-- Available data follows --
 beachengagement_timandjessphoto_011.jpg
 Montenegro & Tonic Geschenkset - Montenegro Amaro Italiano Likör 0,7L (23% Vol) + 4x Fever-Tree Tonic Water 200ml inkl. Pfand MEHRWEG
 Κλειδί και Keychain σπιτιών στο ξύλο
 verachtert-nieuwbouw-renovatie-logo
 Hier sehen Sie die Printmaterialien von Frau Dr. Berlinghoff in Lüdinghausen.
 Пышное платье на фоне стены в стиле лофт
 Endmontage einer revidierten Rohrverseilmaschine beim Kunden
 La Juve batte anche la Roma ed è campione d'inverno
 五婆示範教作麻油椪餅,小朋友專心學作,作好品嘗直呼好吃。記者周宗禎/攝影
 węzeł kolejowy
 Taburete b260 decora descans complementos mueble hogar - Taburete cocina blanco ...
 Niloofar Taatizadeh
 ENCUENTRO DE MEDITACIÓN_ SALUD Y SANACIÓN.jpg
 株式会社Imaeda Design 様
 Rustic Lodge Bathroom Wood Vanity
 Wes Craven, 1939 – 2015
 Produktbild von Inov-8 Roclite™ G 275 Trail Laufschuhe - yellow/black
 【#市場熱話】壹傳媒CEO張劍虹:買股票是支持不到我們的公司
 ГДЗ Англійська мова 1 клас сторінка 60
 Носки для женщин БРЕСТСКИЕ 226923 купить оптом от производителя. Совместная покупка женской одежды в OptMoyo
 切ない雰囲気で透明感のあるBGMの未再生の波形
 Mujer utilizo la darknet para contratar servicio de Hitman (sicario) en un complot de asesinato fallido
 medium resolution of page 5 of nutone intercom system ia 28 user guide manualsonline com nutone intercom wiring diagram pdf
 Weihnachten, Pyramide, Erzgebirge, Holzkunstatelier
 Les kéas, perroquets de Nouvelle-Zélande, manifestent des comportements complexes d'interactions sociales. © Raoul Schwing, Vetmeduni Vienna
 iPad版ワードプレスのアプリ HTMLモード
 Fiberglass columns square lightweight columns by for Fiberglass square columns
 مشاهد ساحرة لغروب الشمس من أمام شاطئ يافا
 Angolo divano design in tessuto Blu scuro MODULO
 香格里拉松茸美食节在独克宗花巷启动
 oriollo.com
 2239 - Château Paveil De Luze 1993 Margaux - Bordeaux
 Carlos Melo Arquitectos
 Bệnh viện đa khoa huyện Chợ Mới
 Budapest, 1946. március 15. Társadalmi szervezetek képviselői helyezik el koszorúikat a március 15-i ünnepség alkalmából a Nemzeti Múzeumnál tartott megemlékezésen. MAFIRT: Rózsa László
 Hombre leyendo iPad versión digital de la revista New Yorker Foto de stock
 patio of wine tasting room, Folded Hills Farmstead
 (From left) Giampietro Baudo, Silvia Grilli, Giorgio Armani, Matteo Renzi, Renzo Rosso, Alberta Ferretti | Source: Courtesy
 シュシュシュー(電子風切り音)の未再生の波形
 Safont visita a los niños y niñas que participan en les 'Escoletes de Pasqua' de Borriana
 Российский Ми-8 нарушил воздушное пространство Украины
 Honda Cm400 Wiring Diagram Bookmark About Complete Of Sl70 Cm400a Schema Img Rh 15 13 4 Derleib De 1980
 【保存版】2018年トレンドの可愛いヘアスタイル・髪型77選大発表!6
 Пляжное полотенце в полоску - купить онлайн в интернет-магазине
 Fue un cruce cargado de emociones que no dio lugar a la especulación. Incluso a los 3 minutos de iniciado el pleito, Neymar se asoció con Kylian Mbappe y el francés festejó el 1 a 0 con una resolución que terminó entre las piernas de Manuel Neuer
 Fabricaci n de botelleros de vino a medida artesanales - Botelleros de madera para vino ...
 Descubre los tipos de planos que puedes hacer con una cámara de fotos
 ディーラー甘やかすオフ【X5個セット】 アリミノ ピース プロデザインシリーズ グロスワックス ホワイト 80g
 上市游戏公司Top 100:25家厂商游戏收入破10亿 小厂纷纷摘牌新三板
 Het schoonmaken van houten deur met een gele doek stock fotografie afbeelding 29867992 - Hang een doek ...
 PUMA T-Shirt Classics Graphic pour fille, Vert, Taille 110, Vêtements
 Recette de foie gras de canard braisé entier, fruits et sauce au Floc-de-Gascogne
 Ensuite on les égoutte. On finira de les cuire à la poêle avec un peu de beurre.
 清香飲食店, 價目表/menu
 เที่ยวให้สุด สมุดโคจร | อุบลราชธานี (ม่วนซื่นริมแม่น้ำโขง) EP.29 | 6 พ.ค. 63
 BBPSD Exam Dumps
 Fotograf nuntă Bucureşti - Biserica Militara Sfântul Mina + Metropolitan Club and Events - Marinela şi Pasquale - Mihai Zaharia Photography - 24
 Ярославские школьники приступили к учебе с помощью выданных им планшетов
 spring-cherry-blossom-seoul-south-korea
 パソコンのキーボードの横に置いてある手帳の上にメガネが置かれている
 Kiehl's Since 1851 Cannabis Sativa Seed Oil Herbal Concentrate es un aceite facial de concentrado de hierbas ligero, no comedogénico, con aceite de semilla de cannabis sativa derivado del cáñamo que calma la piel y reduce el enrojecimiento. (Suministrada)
-- Available data concluded --
Exercise objective:
What lines in the material include the string "para"? Pull each one out.

Output:
 Mujer utilizo la darknet para contratar servicio de Hitman (sicario) en un complot de asesinato fallido
 Fabricaci n de botelleros de vino a medida artesanales - Botelleros de madera para vino ...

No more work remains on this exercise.